Given material –

# # # # # # #

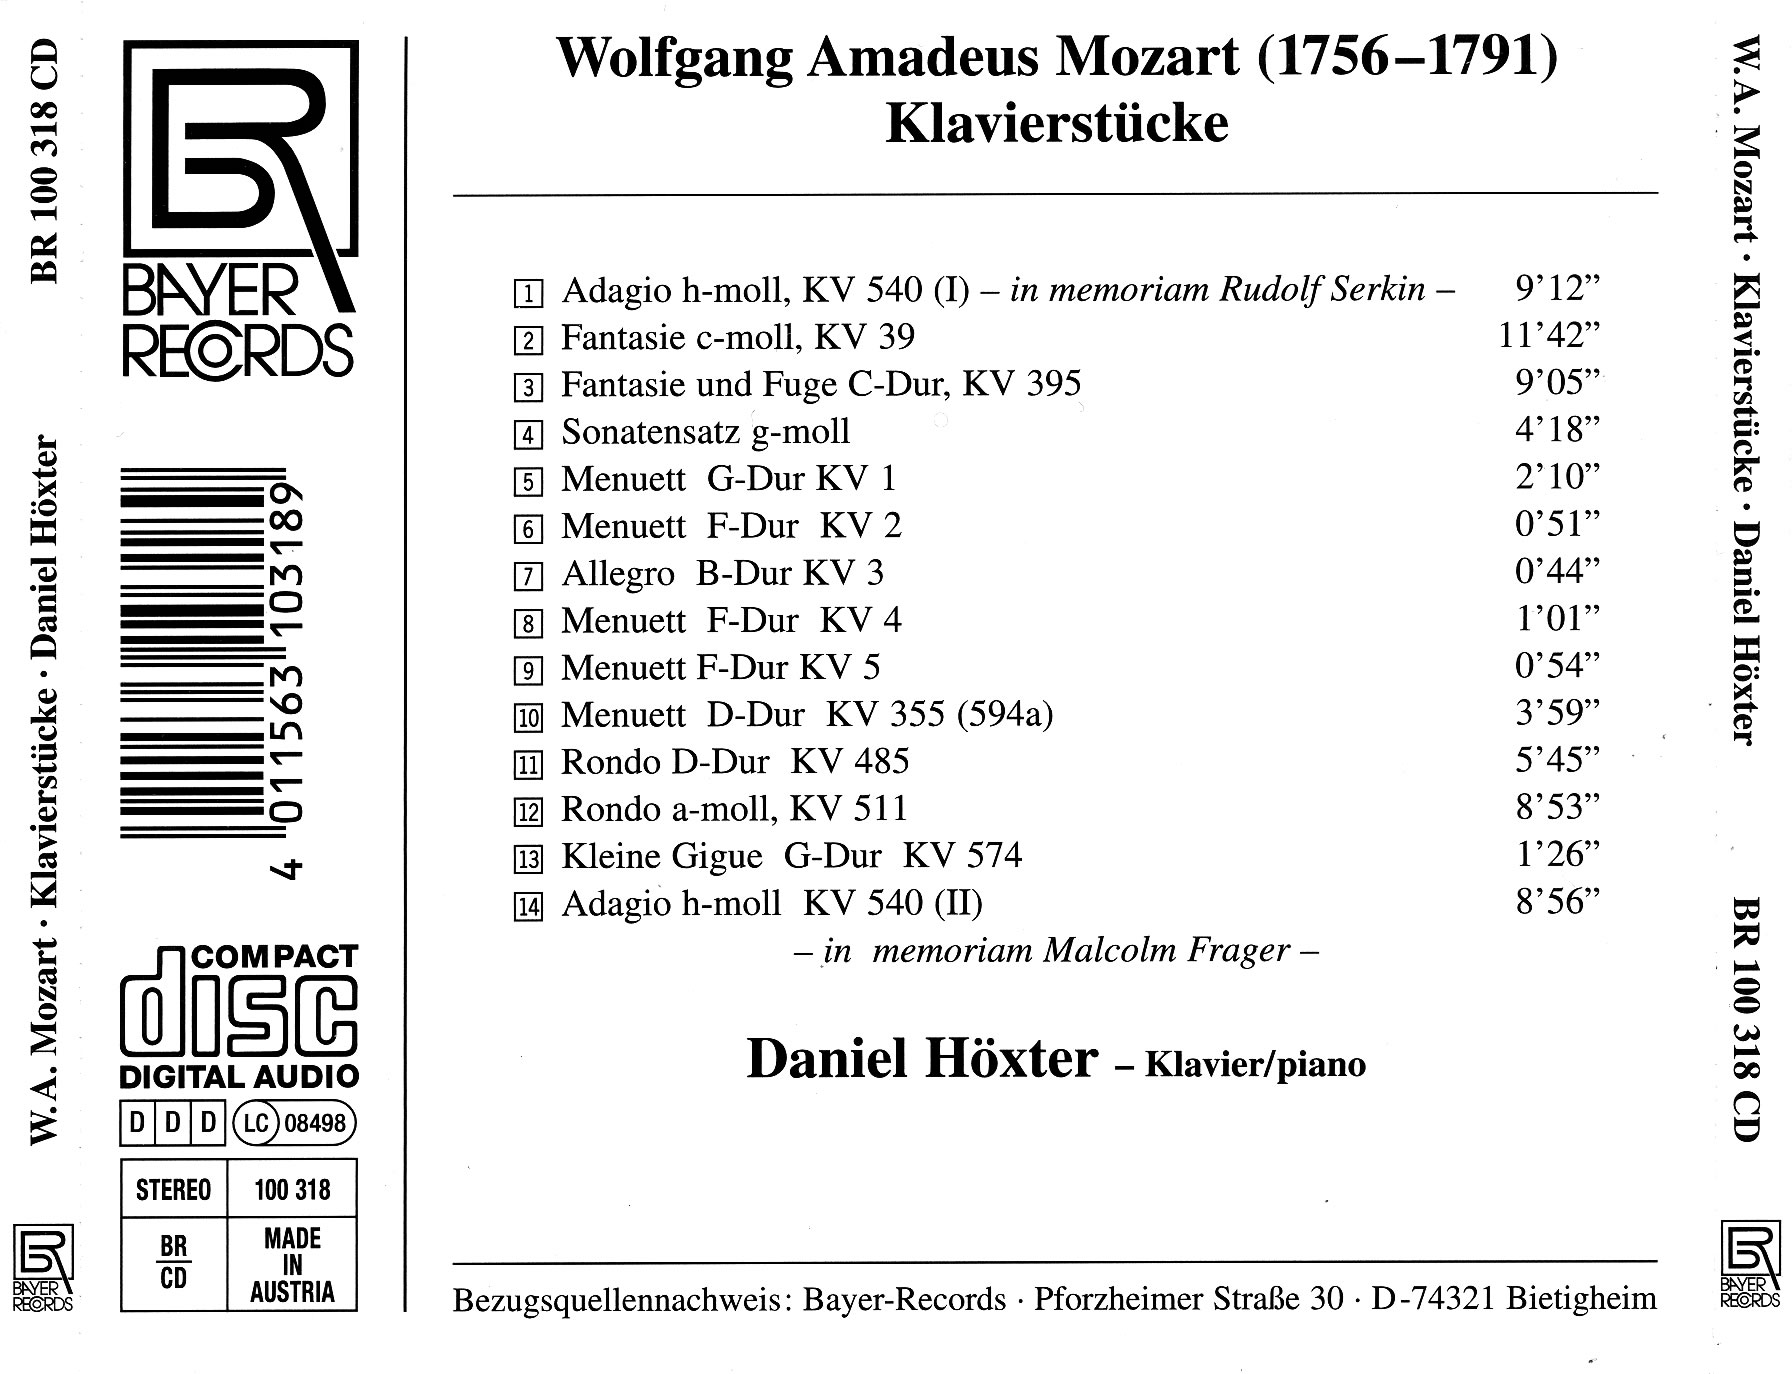 Daniel Höxter spielt/plays Mozart
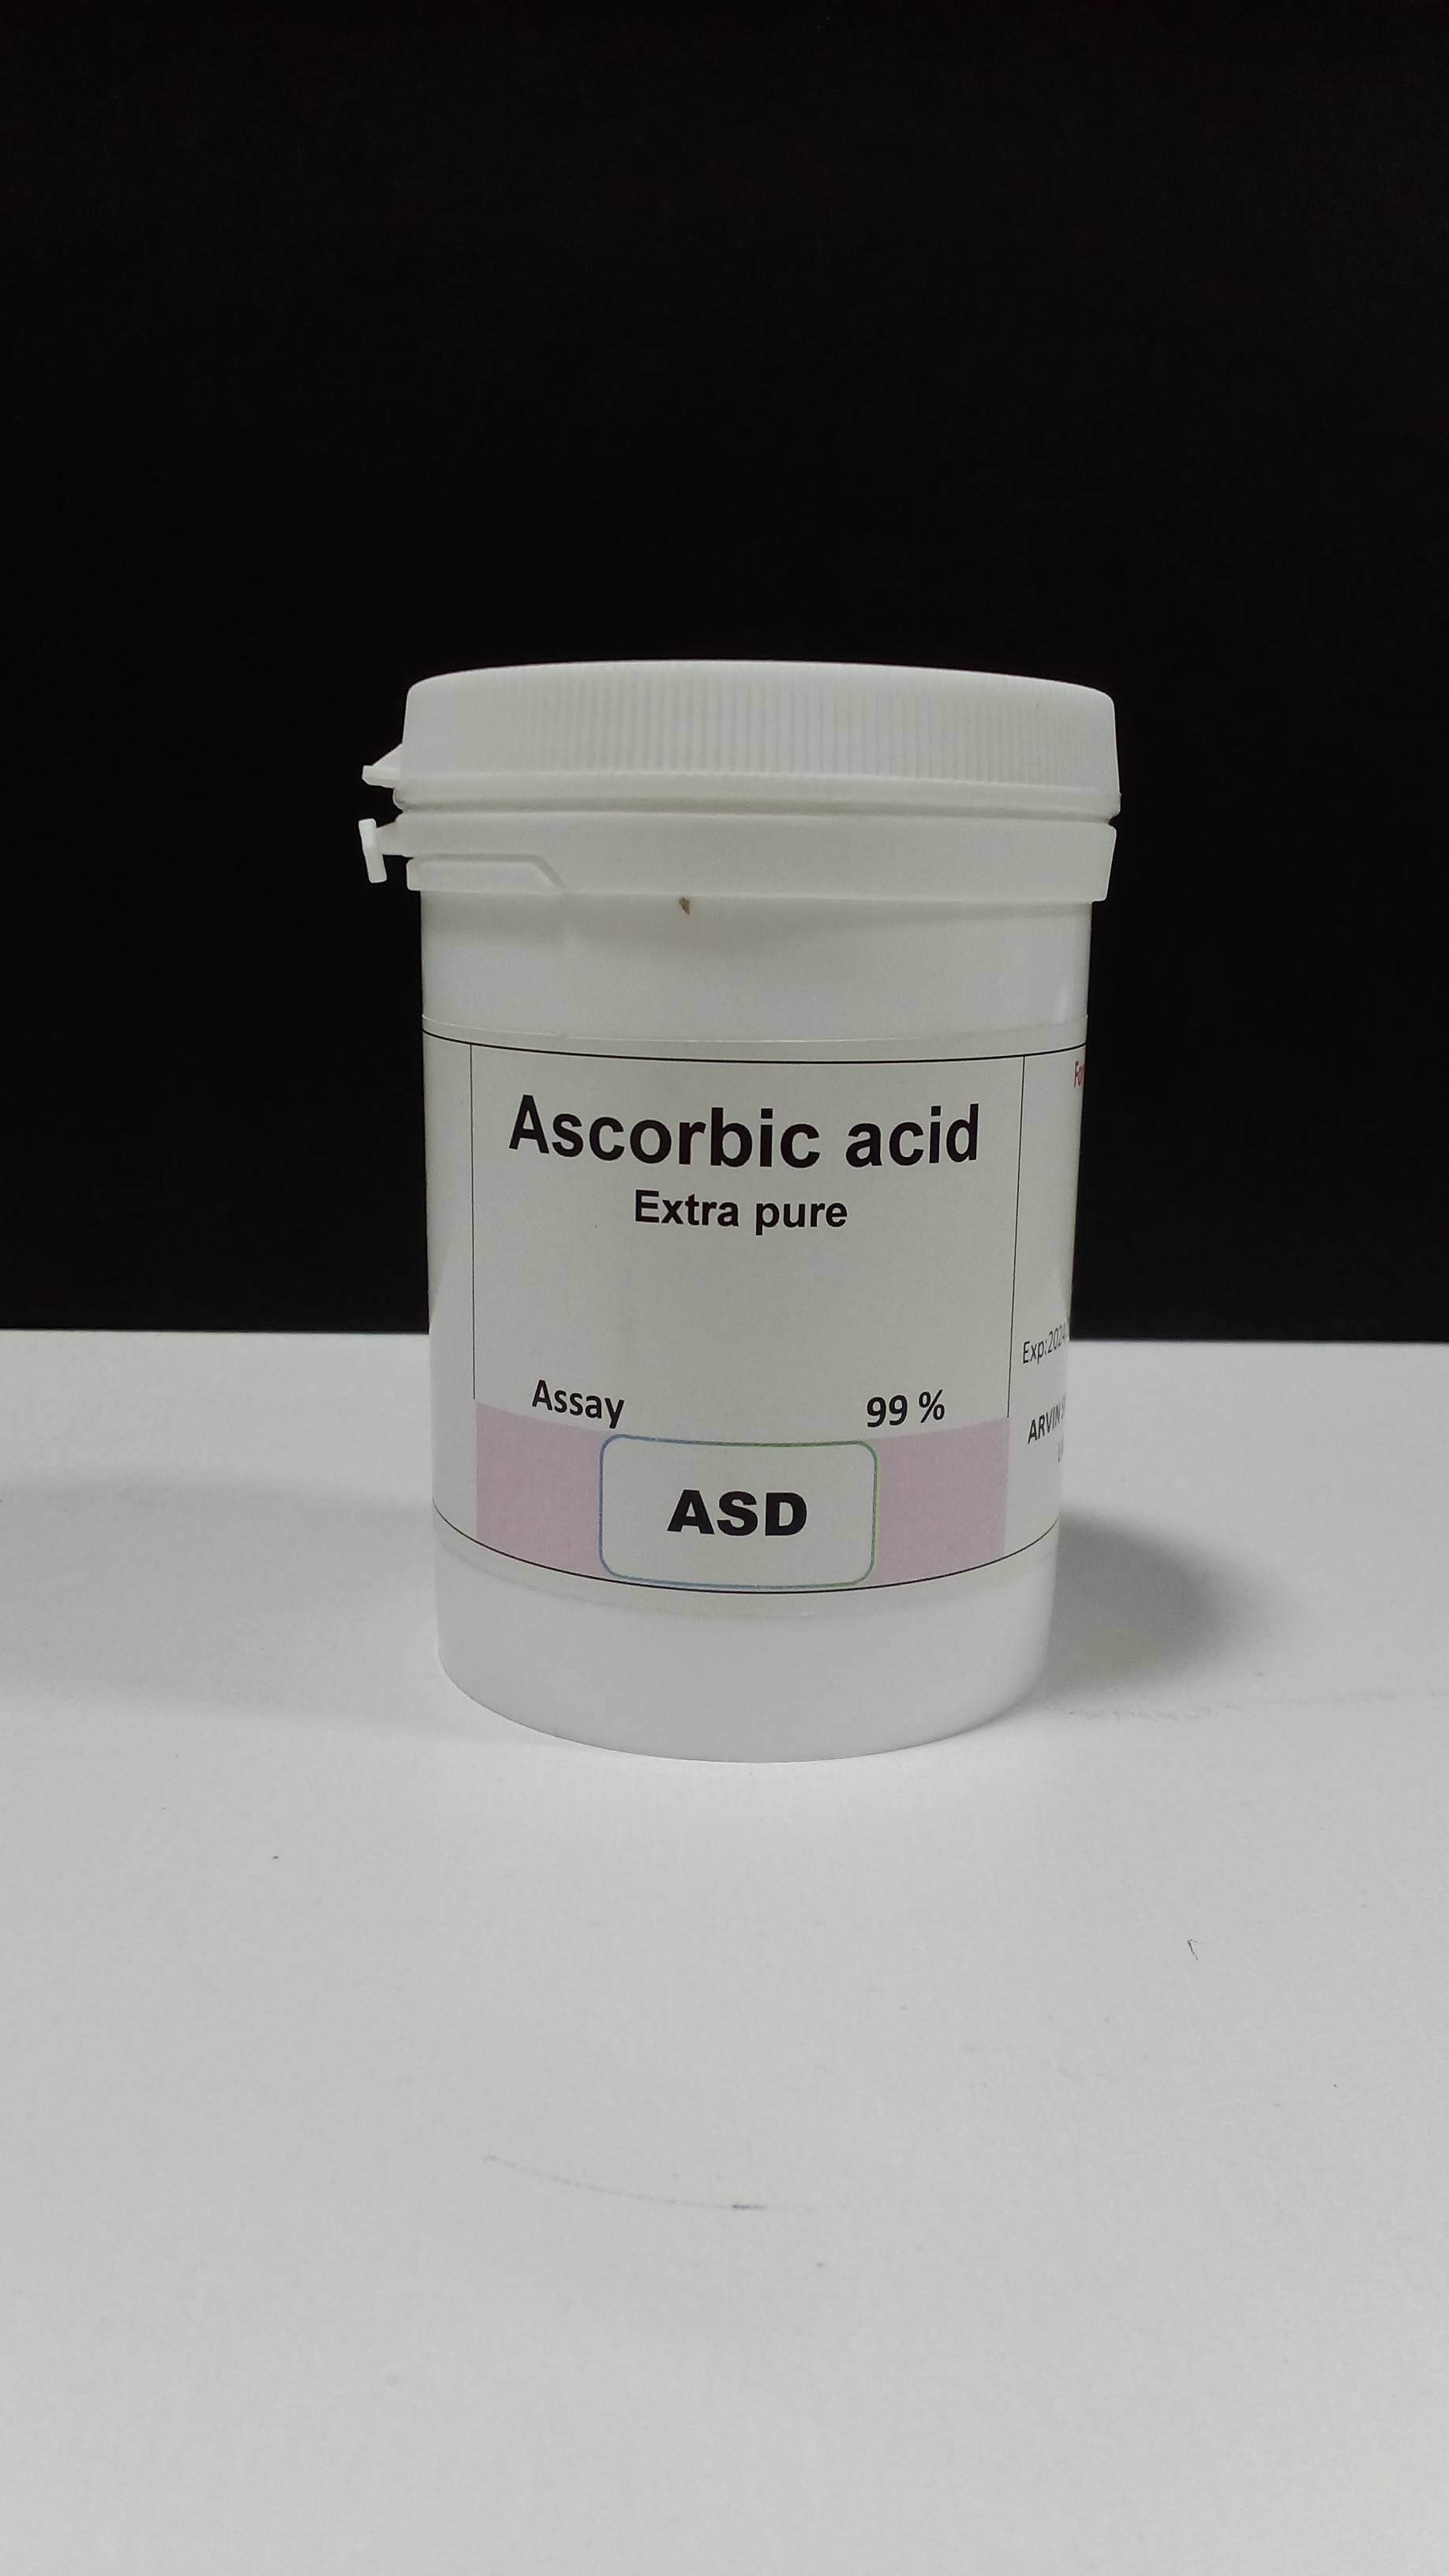 آسکوربیک اسید 100 گرم ASD
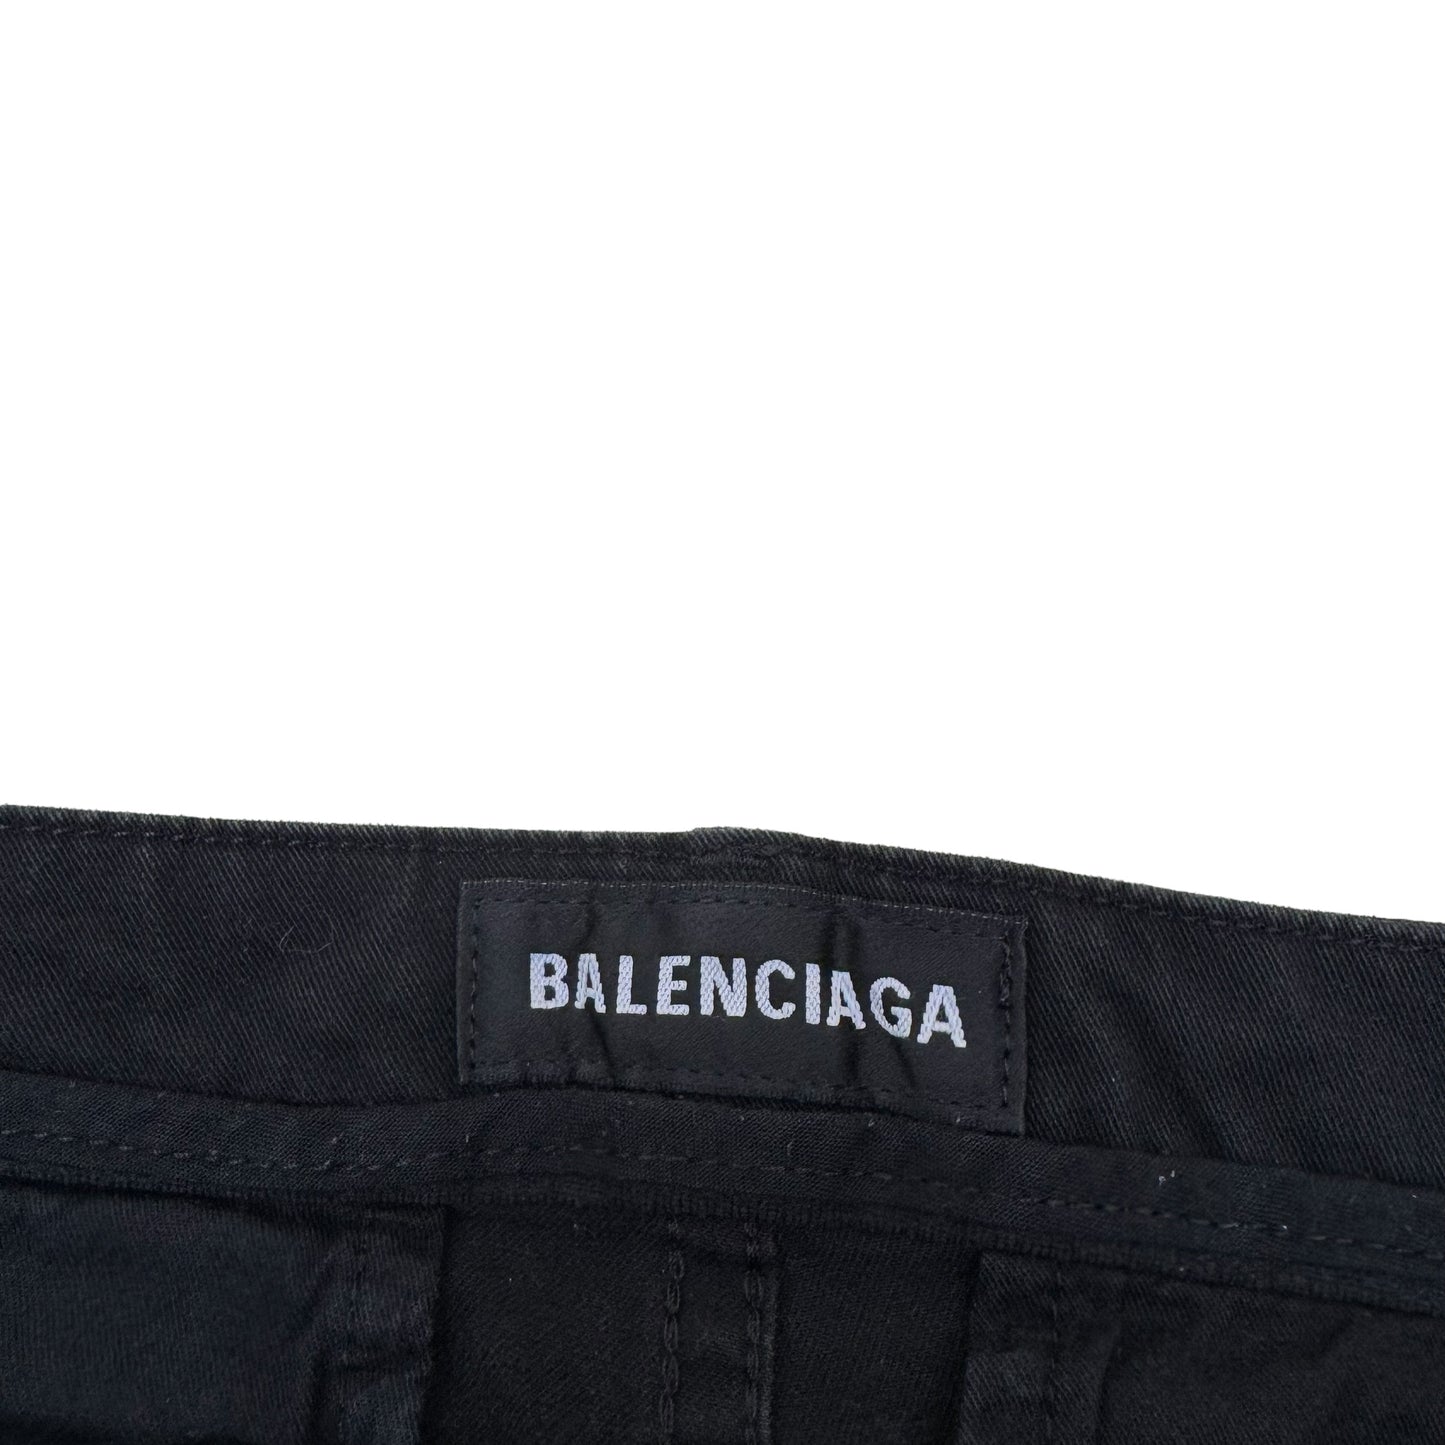 BALENCIAGA CARGO PANTS BLACK M

# # # # # # #

Problem to work on –
Print every line of the listing exactly, please, and leave the images out.

Result for this task –
 Daniel Höxter spielt/plays Mozart
 آسکوربیک اسید 100 گرم ASD
 BALENCIAGA CARGO PANTS BLACK M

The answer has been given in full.